En fait, « l'aura de leur marketing décentralisé est maintenant anéantie par les récentes difficultés de l'USDC, qui ont rapidement érodé l'ancrage du DAI. Le passage à un stablecoin décentralisé est trop lointain car le futur stablecoin dominant n'existe pas encore. Les exchanges soutiennent ces monnaies uniquement pour en tirer des bénéfices en termes de volume. Les quelques paires BTC/DAI et autres paires similaires qui existent sont si faibles dans une activité que l'avenir prévisible ne montre aucun signe de passage à des stablecoins décentralisés chez les principaux partenaires de liquidité. », a déclaré M. Sheikh.

Les échanges de cryptomonnaies sont liés aux stablecoins adossés à des fiats

Les stablecoins adossés à la monnaie fiduciaire sont devenus une bouée de sauvetage dans le monde actuel des cryptomonnaies. Au début des échanges de cryptomonnaies, ces stablecoins ont servi d'outil d'intégration pour de nombreux traders et, au cours de la dernière décennie, ils sont également devenus un fournisseur clé de liquidités.

« Les stablecoins adossés à la monnaie fiduciaire sont si profondément ancrés dans les échanges qu'il est très improbable de s'attendre à un changement radical malgré la surveillance réglementaire. » a déclaré M. Shiekh à Cointelgraph.

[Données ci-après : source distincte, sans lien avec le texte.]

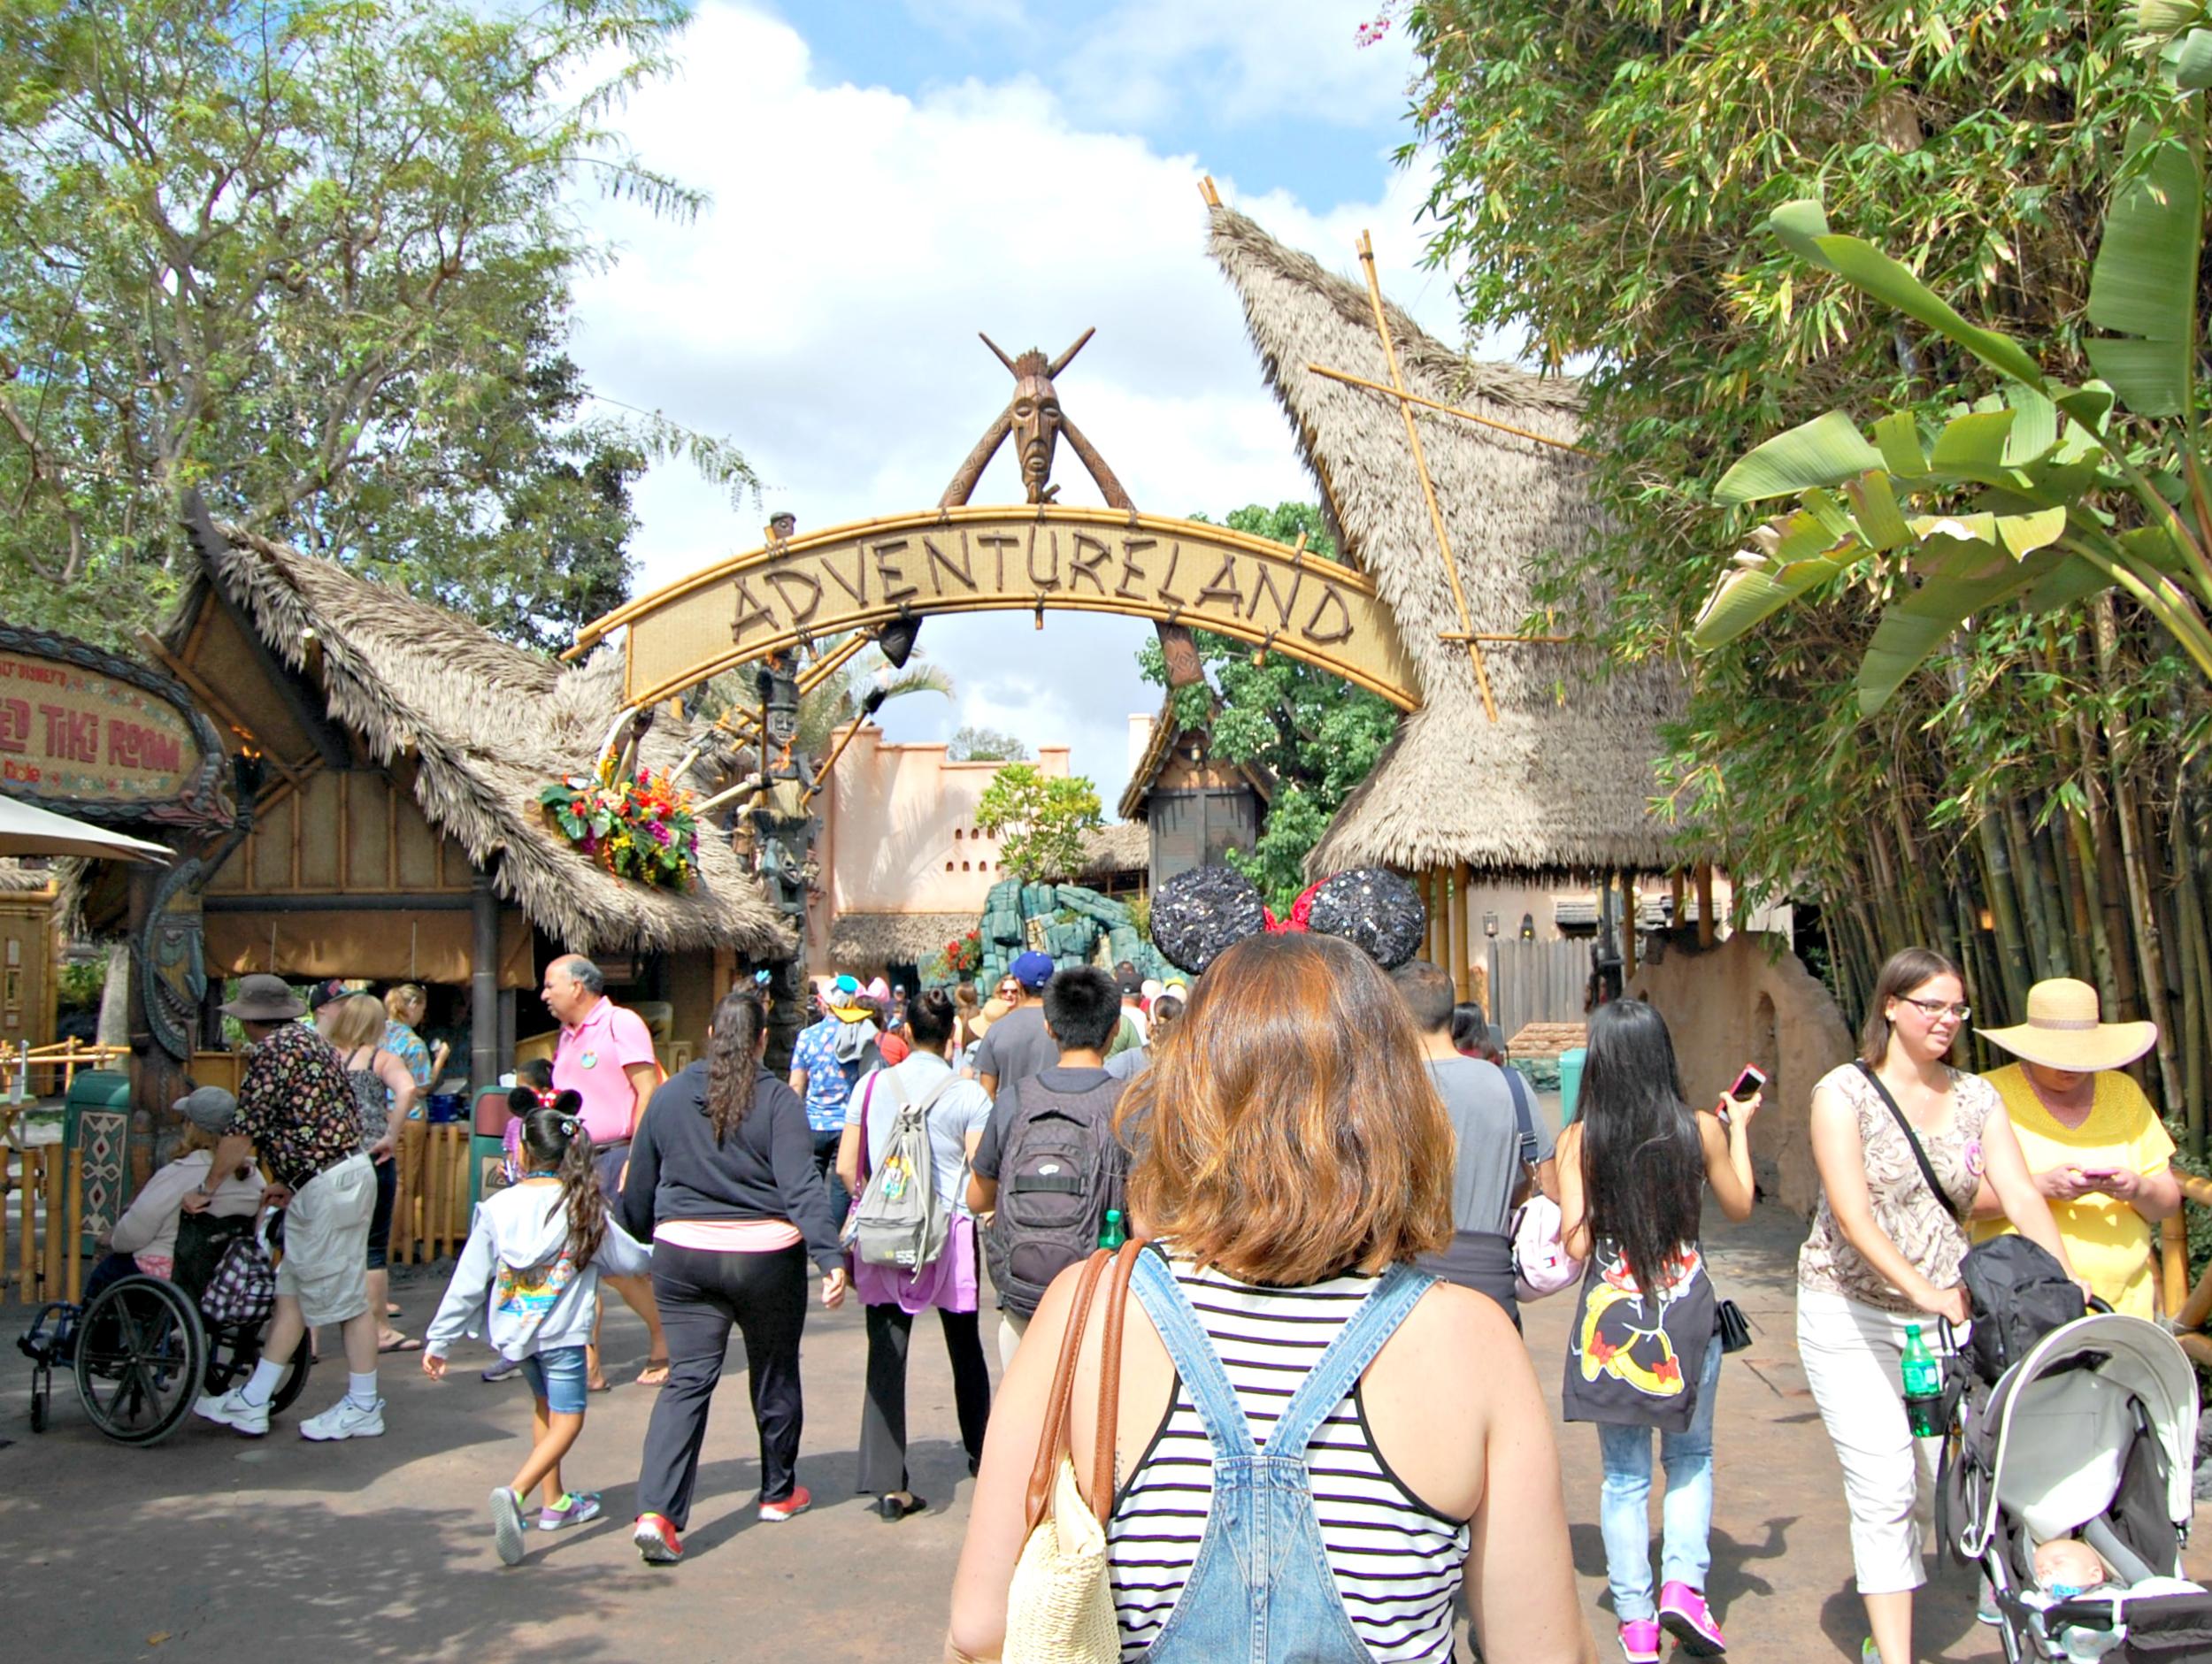 Disneyland Adventureland, California

Abdul Rafay Gadit, cofondateur de la plateforme de trading de cryptomonnaies Zignaly, a déclaré à Cointelegraph que malgré la récente dépréciation de l'USDC, les plateformes de trading de cryptomonnaies préféraient toujours les stablecoins indexés au dollar américain.

« Je pense personnellement que [Tether] USDT est le meilleur stablecoin à l'heure actuelle, soigneusement ancré 1:1 et en quelque sorte à l'écart des réglementations injustes également. L' USDC a été malheureux en raison de ses liens avec SVB [Silicon Valley Bank] ; sinon, ils gèrent une excellente entreprise », a-t-il déclaré.

Il a déclaré à Cointelegraph que les stablecoins centralisés sont des bouées de sauvetage pour l'écosystème crypto et que, malgré la pression réglementaire, ils continueront à être une force dominante.

Gadit a déclaré que les exchanges pourraient s'éloigner des États-Unis, mais que les stablecoins garantis par des fiats continueront à régner :

« L'action contre le BUSD ressemble à de la victimisation ; je pense que c'est injustifié et totalement injuste. À l'avenir, les émetteurs de stablecoins essaieront de rester à l'écart des États-Unis, tout comme l'émetteur d'USDT, Tether, qui opère à partir de Hong Kong. »

Tether (USDT) continue de dominer le marché des stablecoins en dépit de la surveillance réglementaire dont font l'objet de nombreux autres stablecoins indexés au dollar américain. Les experts du secteur estiment que même si les stablecoins décentralisés semblent prometteurs, leur mise en œuvre dans le monde réel est sujette à caution. Par conséquent, les stablecoins centralisés continueront probablement à dominer le marché des cryptomonnaies.